2023.11.28 12:00
世界はどこに向かうのか
~情報分析者の視点~
北朝鮮、軍事衛星打ち上げ成功の背景
渡邊 芳雄(国際平和研究所所長)
今回は、11月20日から26日までを振り返ります。
この間、以下のような出来事がありました。
イスラム諸国代表団、中国を訪問(11月20日)。北朝鮮が軍事偵察衛星の打ち上げに成功(21日)。イスラエル政府、4日間停戦案承認(22日)。慰安婦問題で日本政府に賠償命令(23日)。台湾総統選、野党一本化実現せず(24日)。ロシア、キーウに最大規模ドローン攻撃(25日)、などです。
11月21日夜10時40分過ぎ、政府は沖縄県を対象に全国瞬時警報システム「Jアラート」を発令し、避難を呼びかけました。北朝鮮が「軍事偵察衛星」と称する「弾道ミサイル」を発射したのです。
北朝鮮は今年に入り、5月、8月と軍事偵察衛星の打ち上げに失敗していましたが、「三度目の正直」で成功したのです。
しかしこの背景を知れば知るほど、極東アジアに深刻な危機が迫っていることを感じます。
北朝鮮は2021年の党大会で、軍事偵察衛星の発射計画を公表していました。
準備を進める北に対して韓国軍合同参謀本部は11月20日、「打ち上げを即時停止するよう厳重に警告する」との声明を発表。打ち上げを強行すれば「対抗措置」を取ることを予告していたのです。
対抗措置とは2018年に南北間の軍事合意の一部条項(飛行・監視区域の設定)の停止であり、打ち上げ後、即実行されました。
韓国政府、米国政府ともに今回の成功はロシアの技術支援によると断定しています。
ロシアは今、ウクライナ戦争で「敗北しない」ことを至上命題としています。今は何よりも武器、砲弾の支援です。もはや「なりふり構わず」との印象です。
北朝鮮との急接近はそのために実現したものでした。
金正恩(キム・ジョンウン)総書記は今年9月、極東ロシアを訪問。13日、金正恩氏とプーチン氏は会談し、相互の協力関係強化で合意しました。北朝鮮はロシアに砲弾の供与、ロシアは北朝鮮に軍事的技術の提供・協力です。

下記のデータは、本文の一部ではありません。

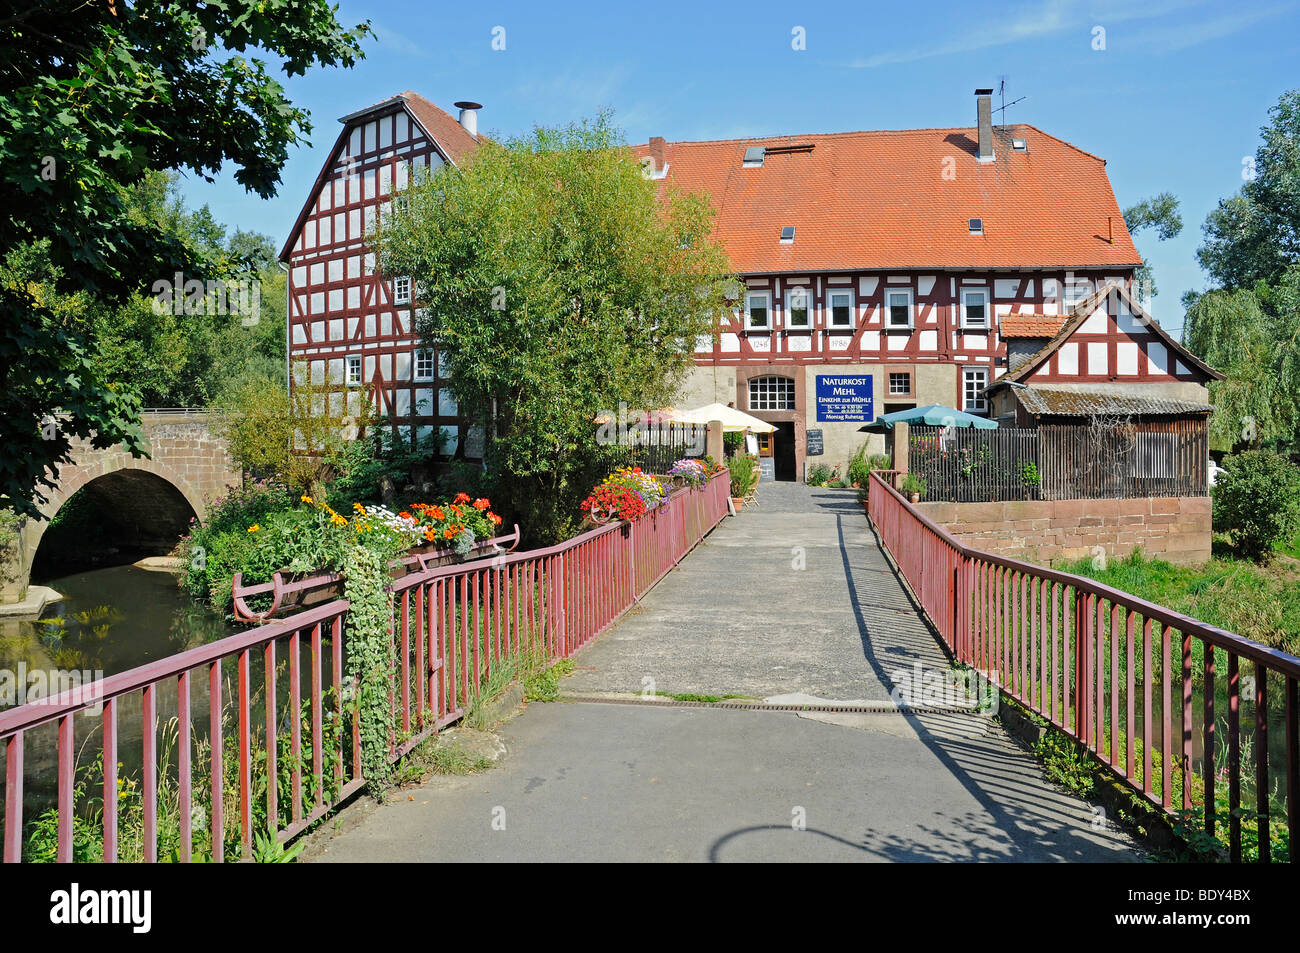 Historic half-timbered house, Bruecker mill, water mill, Amoeneburg, Kassel, Hesse, Germany, Europe - Stock Image

ブリンケン米国務長官は11月9日、ソウルで韓国の朴振(パク・チン)外相と会談。ブリンケン氏は会談後、「北朝鮮からロシアへの軍需物資提供だけでなく、ロシアが北朝鮮に軍事技術を支援すると見ている」と強調し、朴氏はイスラエルとイスラム組織ハマスの衝突を巡り、「北朝鮮との関連を注視している」と述べたのです。
さらにブリンケン氏は、朴氏との会談の前に尹錫悦(ユン・ソンニョル)大統領と昼食を交えて会談しています。
そこで尹氏は、「北朝鮮の核問題、ウクライナ戦争、中東情勢の不安で米国のリーダーシップがより重要になっている」と懸念を述べ、ブリンケン氏は「米国の対外政策の主眼はインド太平洋地域にある」と明言したのです。
米韓両政府の危機意識は、10月7日のハマスによる対イスラエルテロがあります。ロケット砲などで奇襲・飽和攻撃、さらにパラグライダーを使用した侵攻などが、今後の朝鮮半島でも起こり得るのではないかと強い懸念を持っているのです。
北朝鮮は軍事境界線近くにソウルを狙う大量のロケット砲を準備しています。その数はハマスの比ではないのです。
米国は今、ウクライナ、イスラエル支援に力を注がざるを得ず、アジア、特に対中抑止戦略が機能するのかとの懸念が関係者に広がっています。
もし朝鮮半島南北が戦火を交えることにでもなれば、米国の対応能力を超えることになるのではないかと懸念されます。
北朝鮮の背後にはロシア、そしてそれを見守る中国が存在します。戦争の連鎖が朝鮮半島まで広がる可能性が出てきているのです。